2. HybridChunker with dual-text contextualization

Naive chunking strategies split text at fixed token boundaries, which regularly bisects sentences, severs table rows from their headers, and throws away structural context. Docling's HybridChunker respects the document's natural boundaries. Crucially, each chunk is also contextualized — the parent heading is prepended to the chunk text before embedding — while the clean, unmodified text is stored in the database. This dual-text approach gives the embedding model richer semantic signal without cluttering the response returned to users.

for chunk in raw_chunks:
    raw_text = chunk.text
    contextualized_text = self.chunker.contextualize(chunk=chunk)
    # contextualized_text → sent to embeddings API (richer semantic meaning)
    # raw_text           → stored in DB and returned to users (clean display)

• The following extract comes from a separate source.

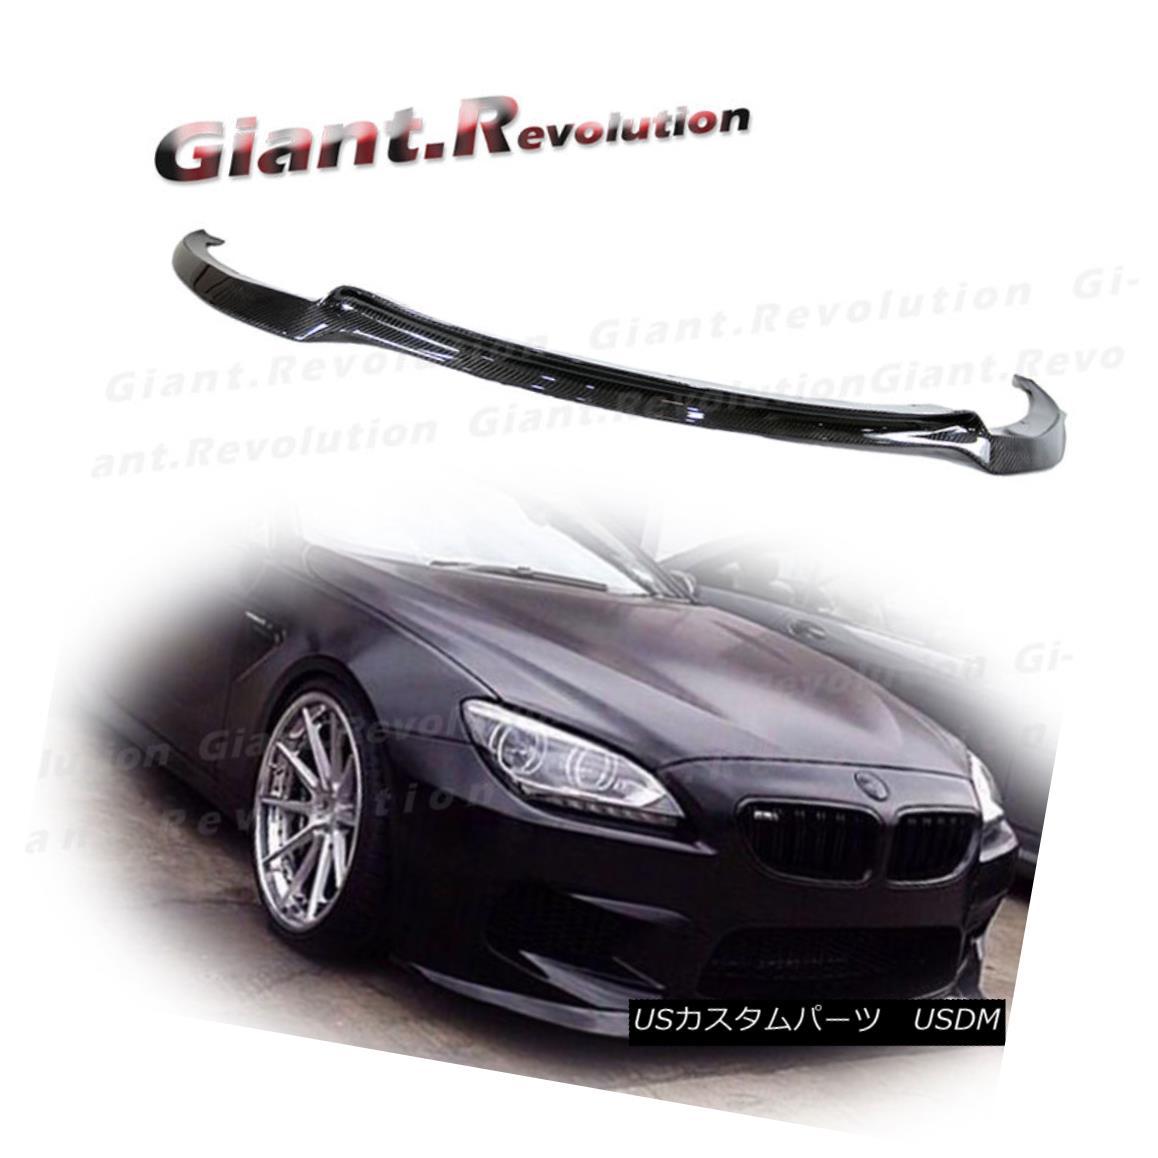 エアロパーツ For 2014UP BW F12 F13 M6 Bumper Carbon Fiber V Style Front Lower Spoiler Add Lip 2014UP BW用F12 F13 M6バンパーカーボンファイバーVスタイルフロントロワースポイラー追加リップ

3. Batch embedding in a single API call

A document may produce 50–100 chunks after processing. Embedding each chunk in a separate API call would mean 50–100 sequential network round trips, compounding latency and cost. Instead, all chunks are batched into a single embeddings.create() call. The OpenAI API guarantees order-preserving responses, so embeddings map correctly back to their source chunks:

response = self.openai_client.embeddings.create(
    input=texts,  # all chunks at once
    model="text-embedding-3-small",
)
embeddings = [item.embedding for item in response.data]

4. PostgreSQL-native vector storage

Vectors and metadata are stored in TimescaleDB using the pgvectorscale extension. This is a deliberate architectural choice over dedicated vector databases like Pinecone. Timescale's benchmarks demonstrate comparable or superior query performance at approximately 75% lower cost. More practically, it keeps the vector store within the same Postgres ecosystem that engineers already know — no new vendor, no new operational overhead, no surprise pricing at scale.

5. Fully async FastAPI

Every operation in the query path — question embedding, vector similarity search, and LLM synthesis — uses native async clients. No blocking, no thread pools for these steps. The FastAPI event loop remains free to handle concurrent requests throughout, giving the API solid concurrency characteristics without horizontal scaling tricks.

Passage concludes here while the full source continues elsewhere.